Her obsession with one-upping Aunt Grace had reached the point where my life or death simply didn't factor in.

Something tore open in my chest, and cold wind poured through the gap.

As if she hadn't driven enough knives into my heart over the years.

When Aunt Grace enrolled Stella in art classes and horseback riding lessons, my mother immediately dumped every household chore on me. "What's the point of all that nonsense? Better you stay home and help me."

When Stella sneezed, Aunt Grace rushed her to the hospital for a full checkup. When my appendix nearly ruptured and I was writhing on the floor in agony, my mother stood over me and scolded, "Don't be like your cousin—running to the hospital over nothing."

Aunt Grace sent Stella abroad early to polish her credentials, despite Stella's grades being abysmal. When I got accepted to a top university, my mother blocked me from going. "Degrees are worthless these days. You'd be better off working a factory line."

If it weren't for the school principal and my teachers showing up one after another to talk sense into her, I'd have dropped out long ago.

So no—her reaching this level of cruelty didn't surprise me. Not one bit.

I was tired. Numb. Done fighting.

I turned and walked into my room.

She followed me to the doorway.

"Sweetheart, I'm doing this for your own good."

"Why would a girl like you want to kill herself working at some big company? Better to find an honest man and settle into a real life."

"Your cousin snagged a rich boy—sure, looks glamorous on the surface. But playboys get bored. Sooner or later, he'll toss her aside."
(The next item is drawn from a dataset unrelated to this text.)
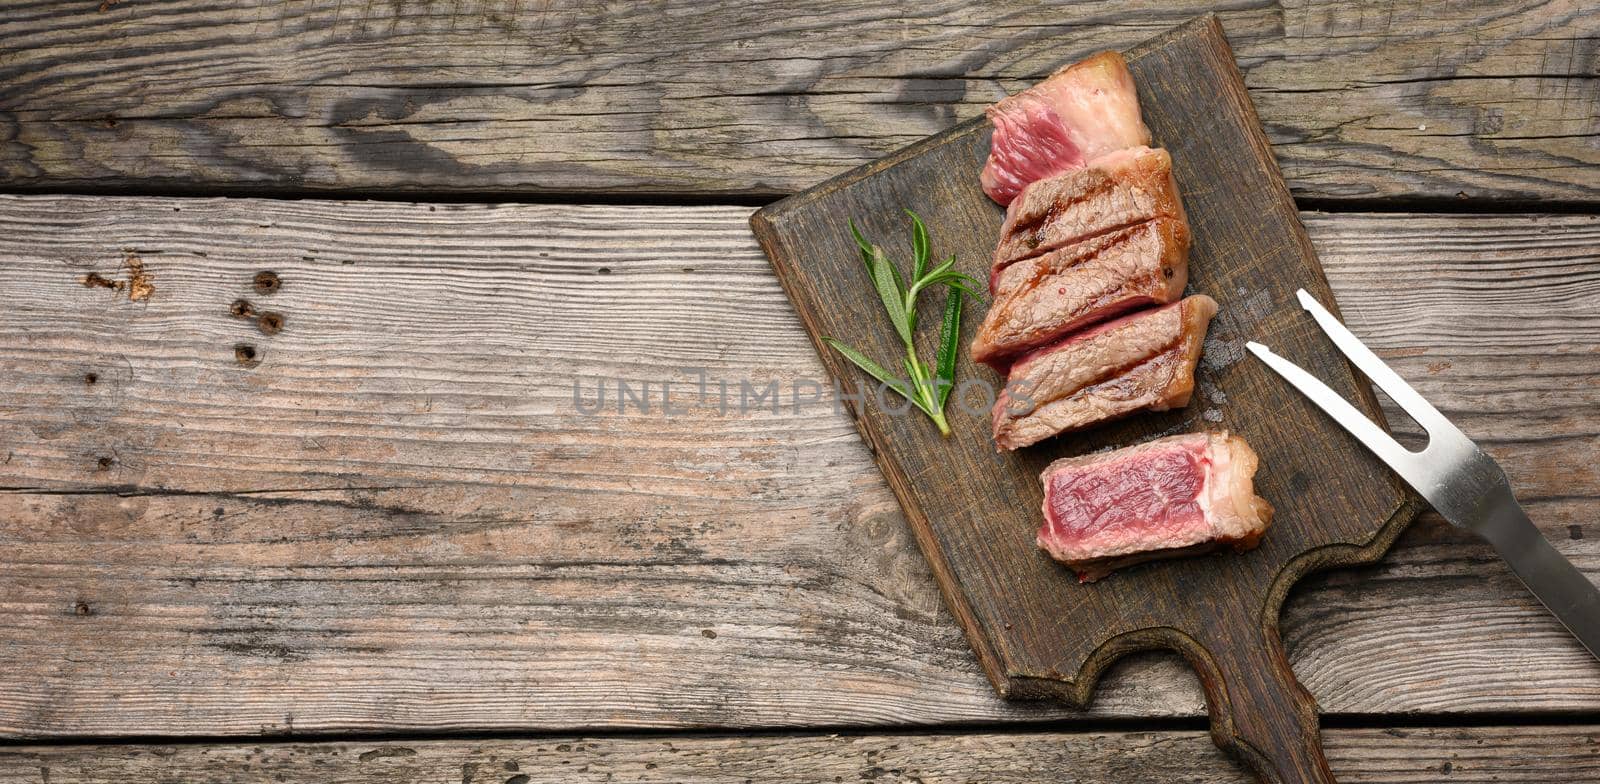 sliced fried beef steak New York striploin on a wooden cutting board, degree of doneness rare, copy space

She said this with an easy smile. Perfectly at peace.

And me? I felt like a fishbone had lodged in my throat.

Couldn't cough it up. Couldn't swallow it down.

She was the only family I had in this world.
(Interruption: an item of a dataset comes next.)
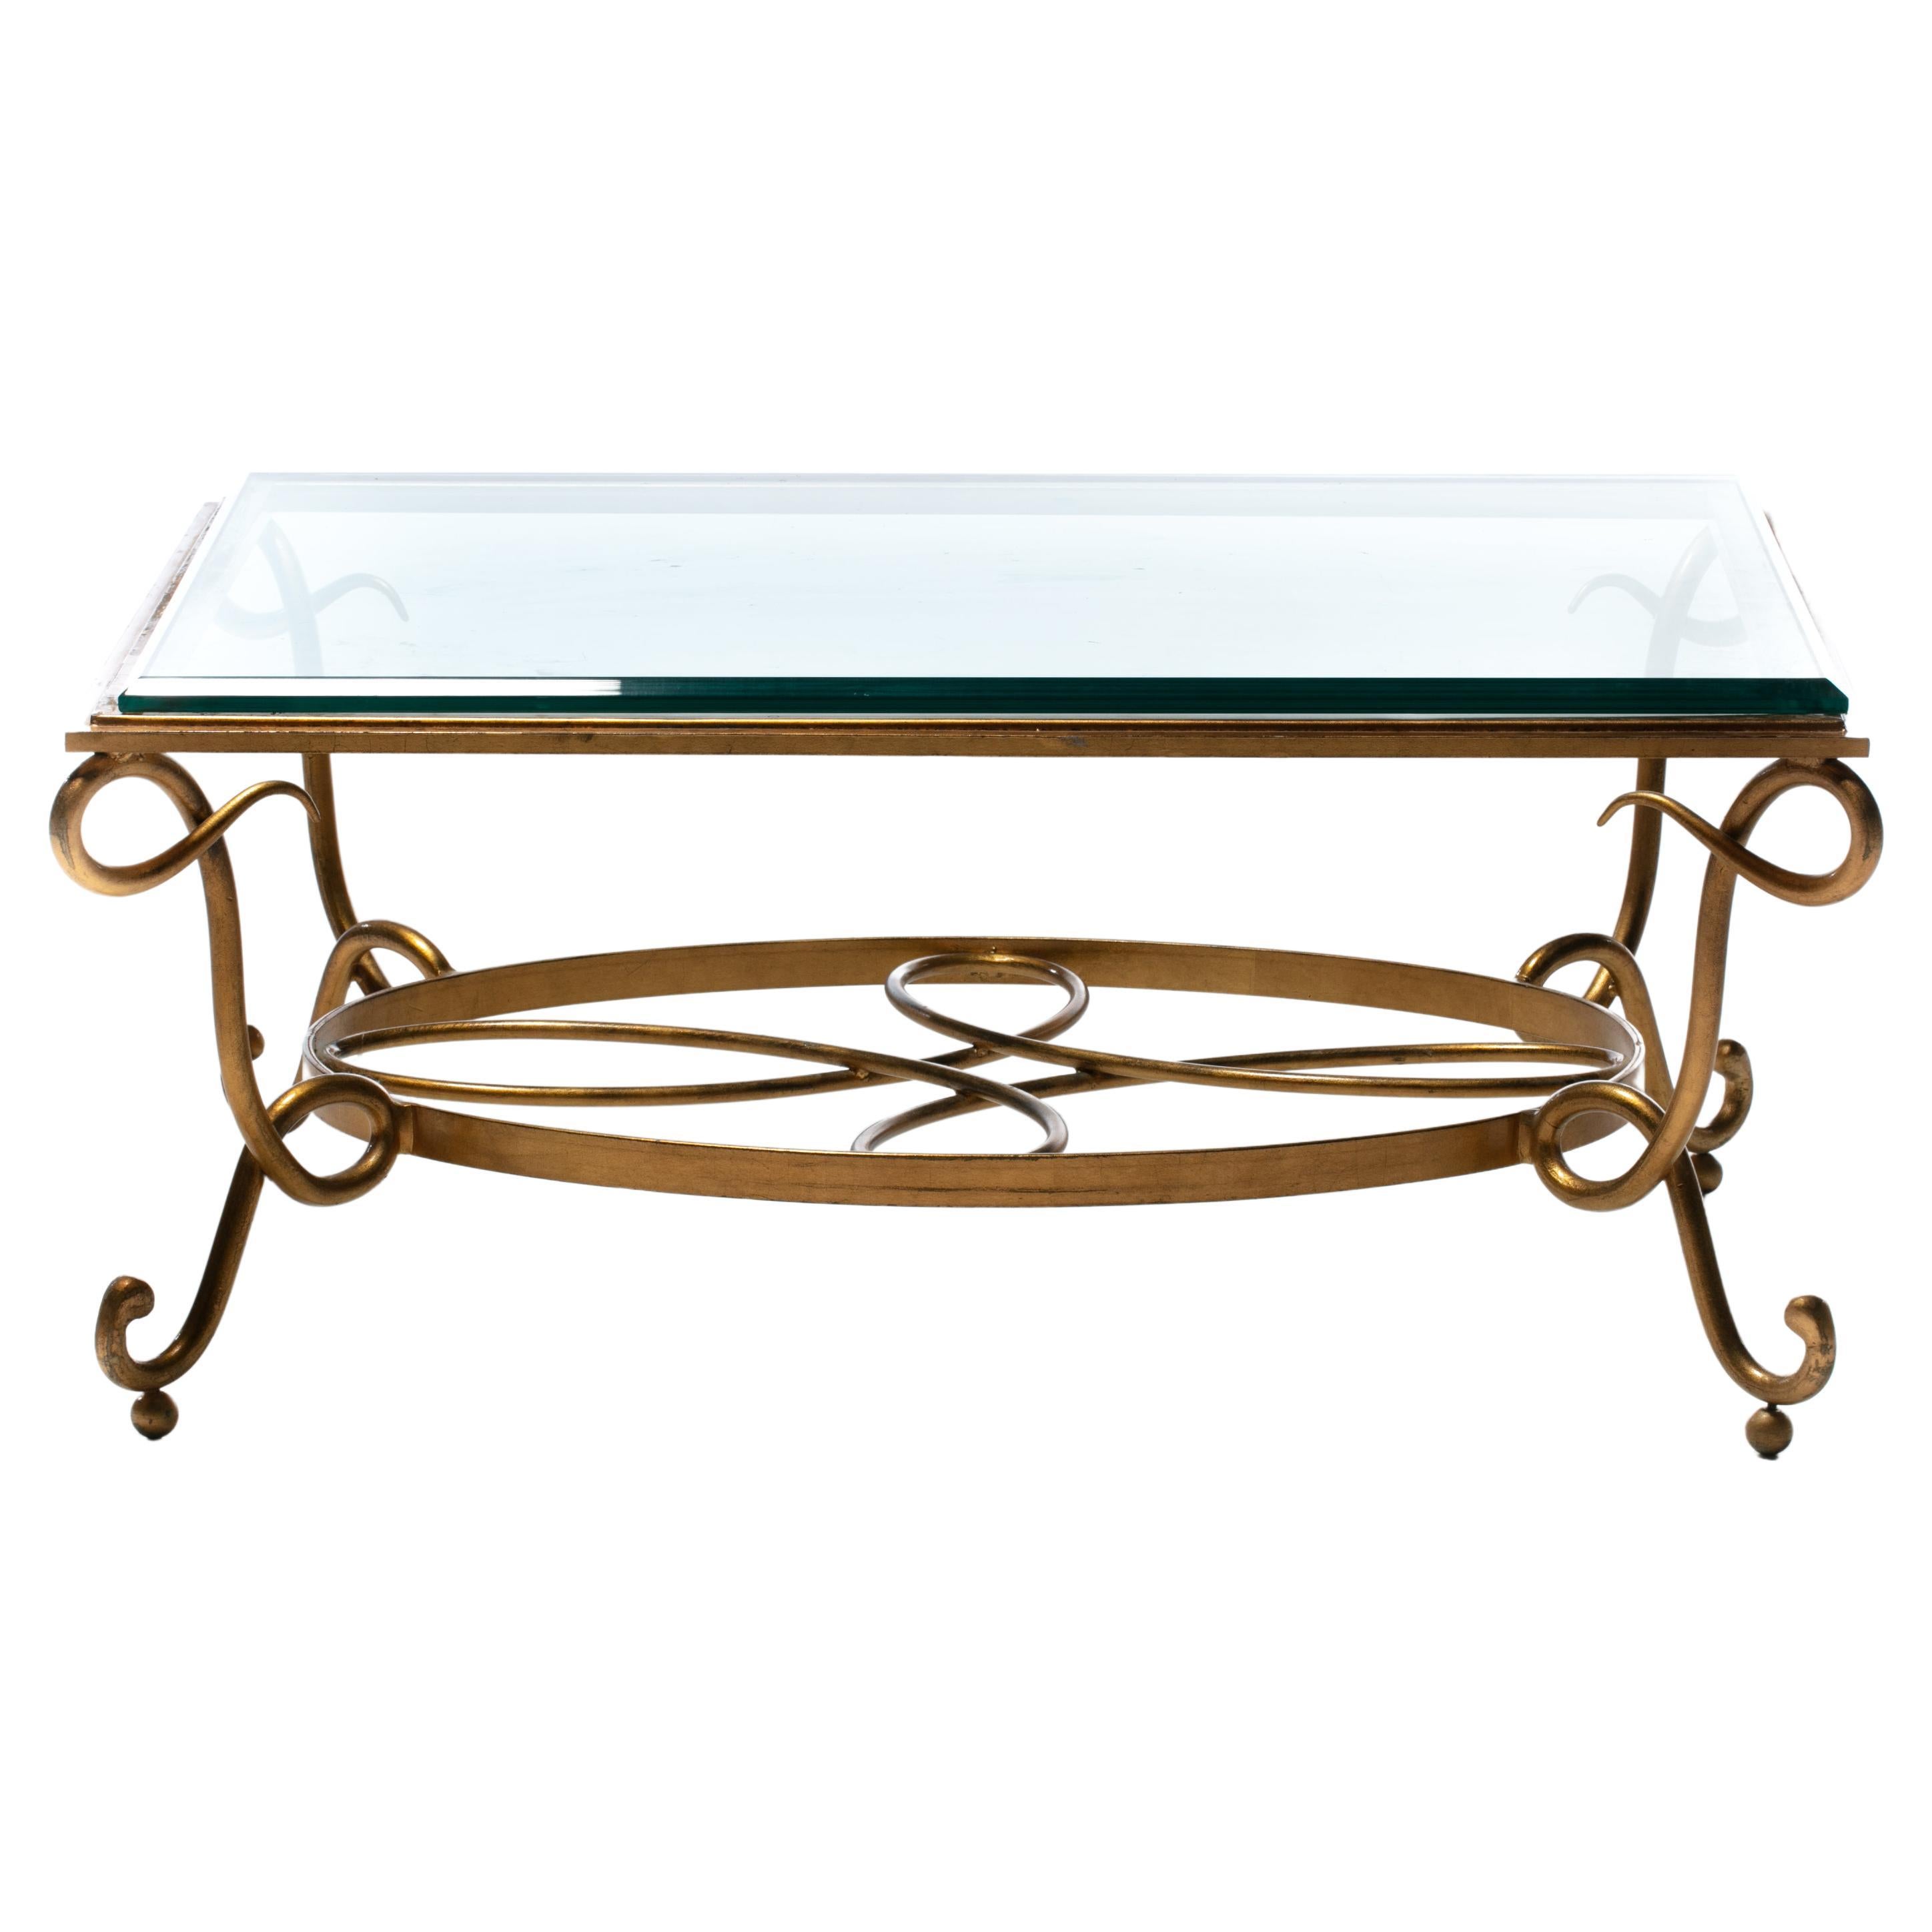 French 1940s René Prou Style Gilt Iron Coffee Table For Sale

And every single time, she'd push me to the edge of a cliff—then press her hand to her heart and say those words, I'm doing this for your own good, as if that made black white and wrong right.

As if I were the ungrateful one—the daughter too foolish to see her mother's good intentions.

I said nothing and shut the bedroom door.

The thought gnawed at me all night, shredding any hope of real sleep. My mother's face flickered behind my eyelids, then my aunt's, both blurred and shifting like figures in a fever dream.

The next morning, my mother's voice dragged me out of a fitful doze.